To
get back to all the sorry Catholics. Sin is sin whether it is committed by
Pope, bishops, priests, or lay people. The Pope goes to confession like the
rest of us. I think of the Protestant churches as being composed of people who
are good, and I don’t mean this ironically. Most of the Protestants I know are
good, if narrow sometimes.
But
the Catholic Church is composed of those who accept what she teaches, whether
they are good or bad, and there is a constant struggle through the help of the
sacraments to be good…
The
things we are obliged to do, such as hear Mass on Sunday, fast and abstain on
the days appointed, etc. can become mechanical and merely habit. But it is
better to be held to the Church by habit than not to be held at all. The Church
is mighty realistic about human nature.
Further
it is not at all possible to tell what’s going on inside the person who appears
to be going about his obligations mechanically. We don’t believe that grace is
something you have to feel. The Catholic always distrusts his emotional
reactions to the sacraments.
Flannery O’Connor, The
Habit of Being
Reflection - Well, time for something completely different
this week on the blog. Someone asked me the other day how I figure out what to
blog about next (she used the phrase ‘it seems kind of random’). Like all
artists and creative people and towering intellects, I responded with an
embarrassed mumbled ‘Idunno’ and slunk away as quickly as possible.
Anyhow, what I
do know is that the blog lately has been awfully papal and political, and it’s
time for a break. If we’re finding Christ in Ten Thousand Places, it’s time to
look somewhere else than Vatican City, and find him talking about something
other than law, politics, and justice.
Enter Flannery
O’Connor! For those who do not know her, she was a Catholic author from the
Southern USA, the state of Georgia to be precise. She wrote two novels, but is
more known for her short stories, two collections of which were published in
her life time. Her fiction deals in large with the theme of God’s grace coming
to people who don’t particularly welcome it. As such, ‘grace’ comes on the
heels of violent death, fire, general havoc and mayhem. She herself contracted
lupus in her early adult life, and died in her mid-30s. Her life of faith and
art was lived in a context of physical suffering and infirmity which she bore
with uncommon grace and stoicism.
Thomas Merton,
looking for another author to compare her to, had to reach back all the way to
Greek tragedy and Sophocles. I didn’t understand the comparison until I read
Sophocles and said ‘This is just like a Flannery O’Connor short story!’
She also was a
great letter writer, and her correspondence has been published in various
volumes, the largest and most comprehensive of one is quoted above. Since it is
impossible to excerpt a short story and have it make the slightest sense, I
propose to blog random quotes from O’Connor’s letters for this week, and see
where it takes us.
This letter is
from her correspondence with a Protestant minister who was interested in having
a little ecumenical dialogue with her. Most of the time, her Catholicism was expressed in
the mode of fiction: her sacramental imagination and sense of the drama of human
sin, freedom and dignity suitably expressed in the narrative form. But she was
a skilled apologist for the faith if need be.
Here we see on
display her utter unsentimentalism, united with an unwavering faith. We go to
Confession, receive the Eucharist, say our prayers, not because these things ‘feel’
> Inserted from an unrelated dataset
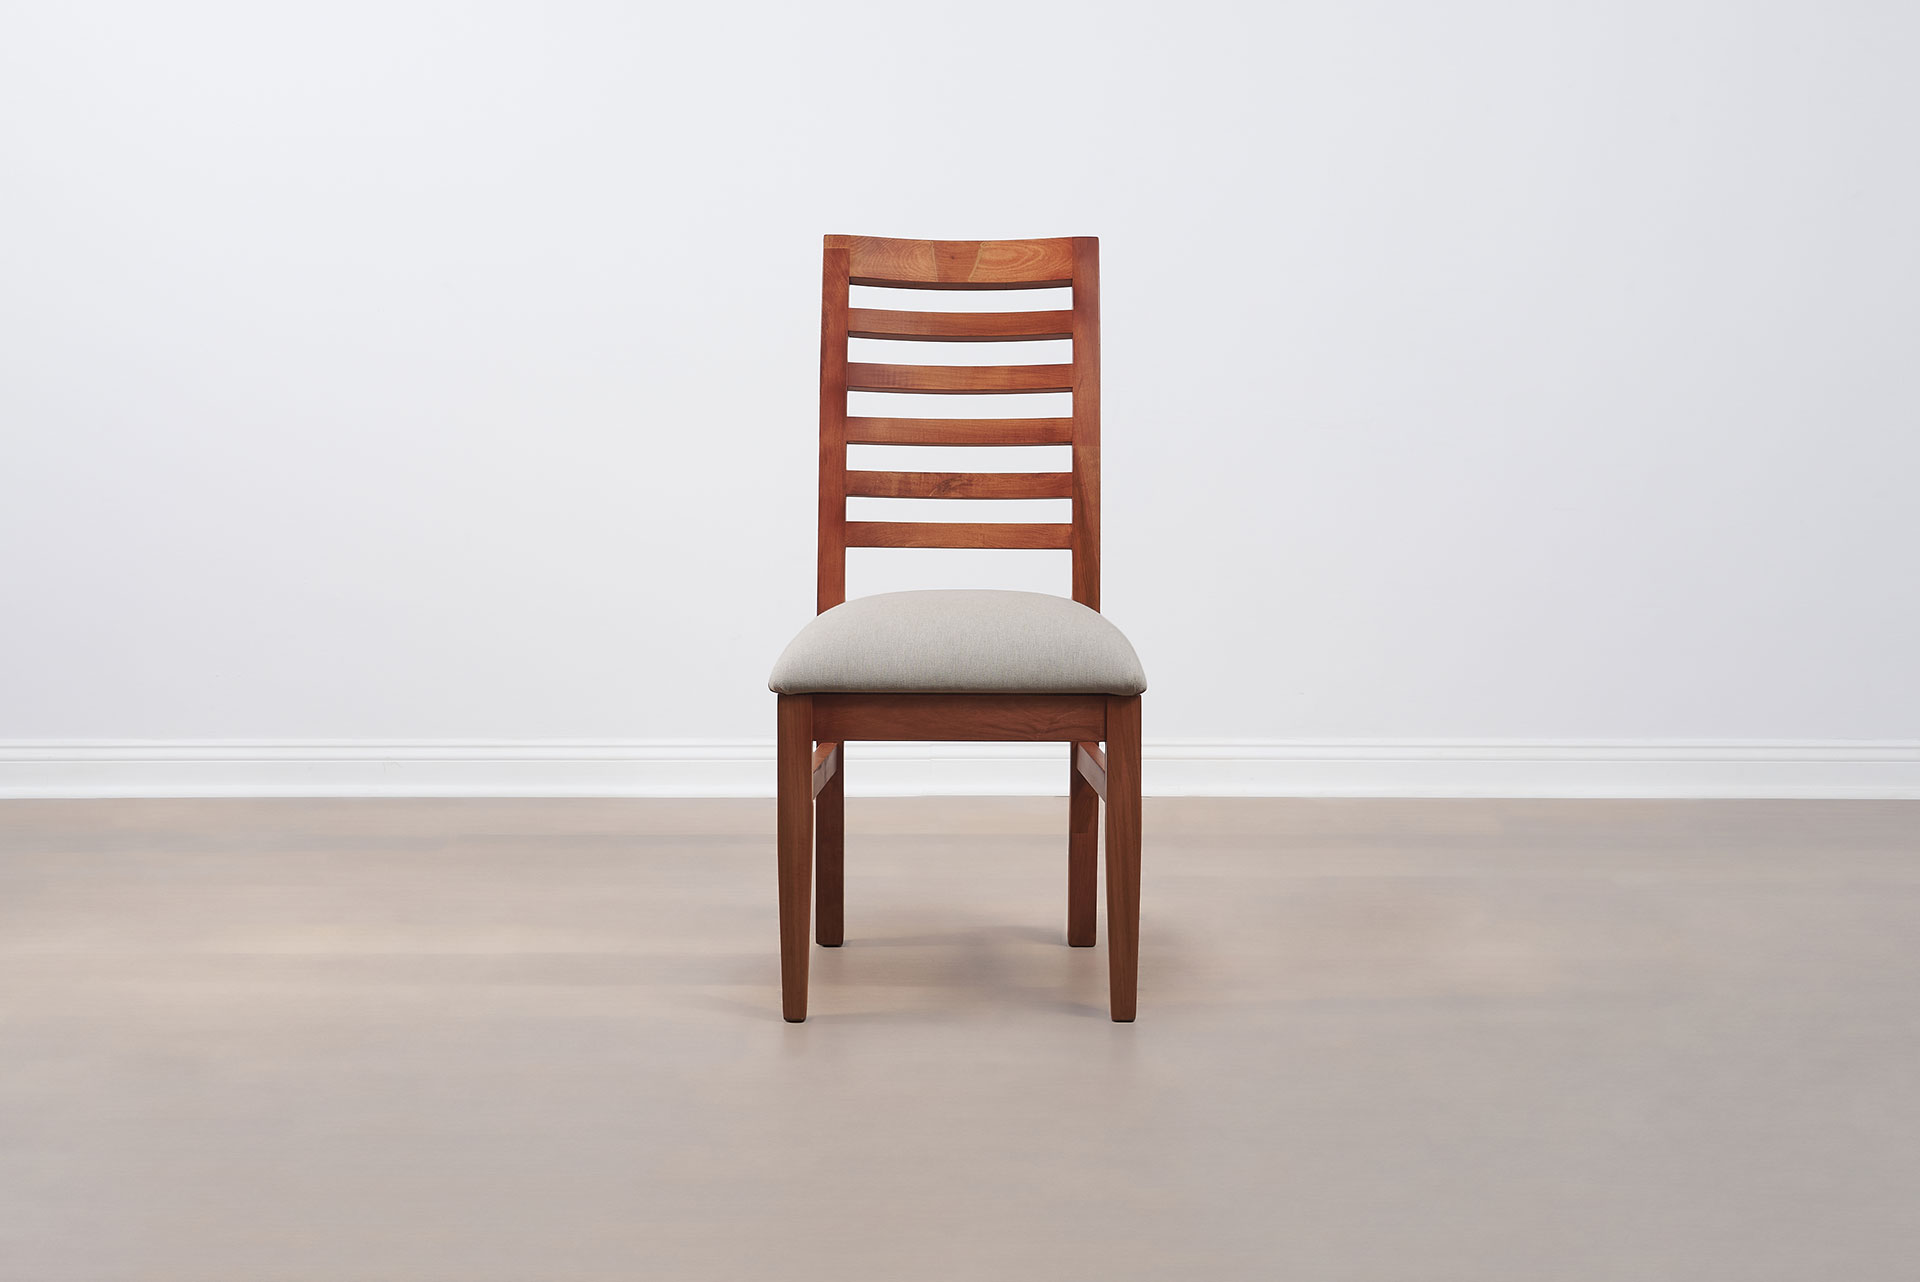 Muebles-Santander_Silla-Coyahue_4606_silla_madera_textil

good to us, but because they are true. We are in the Catholic Church and strive
to be faithful to its doctrines and laws, not because when we look at the
Church we see happy smiling people living lives of undefiled virtue.
Uh, no. Our
faithfulness to the Church is because the Church is Christ’s Church, and He
wants us to be faithful to it as He is faithful to it. Period. End of story.
Nothing more, nothing less. We can have wonderful popes (I think popes of the
last century have been fantastic), wonderful bishops (I love my bishop! No, I’m
not pandering – why do you ask?), and live among wonderful Christian people. We
can also painfully and tragically lack all of the above. While the emotions are
real and the wrong of ‘sorry Catholics’ is a terrible thing, it makes no real
difference in terms of the call to be Catholic and to fully commit our lives to
living as faithful Catholics.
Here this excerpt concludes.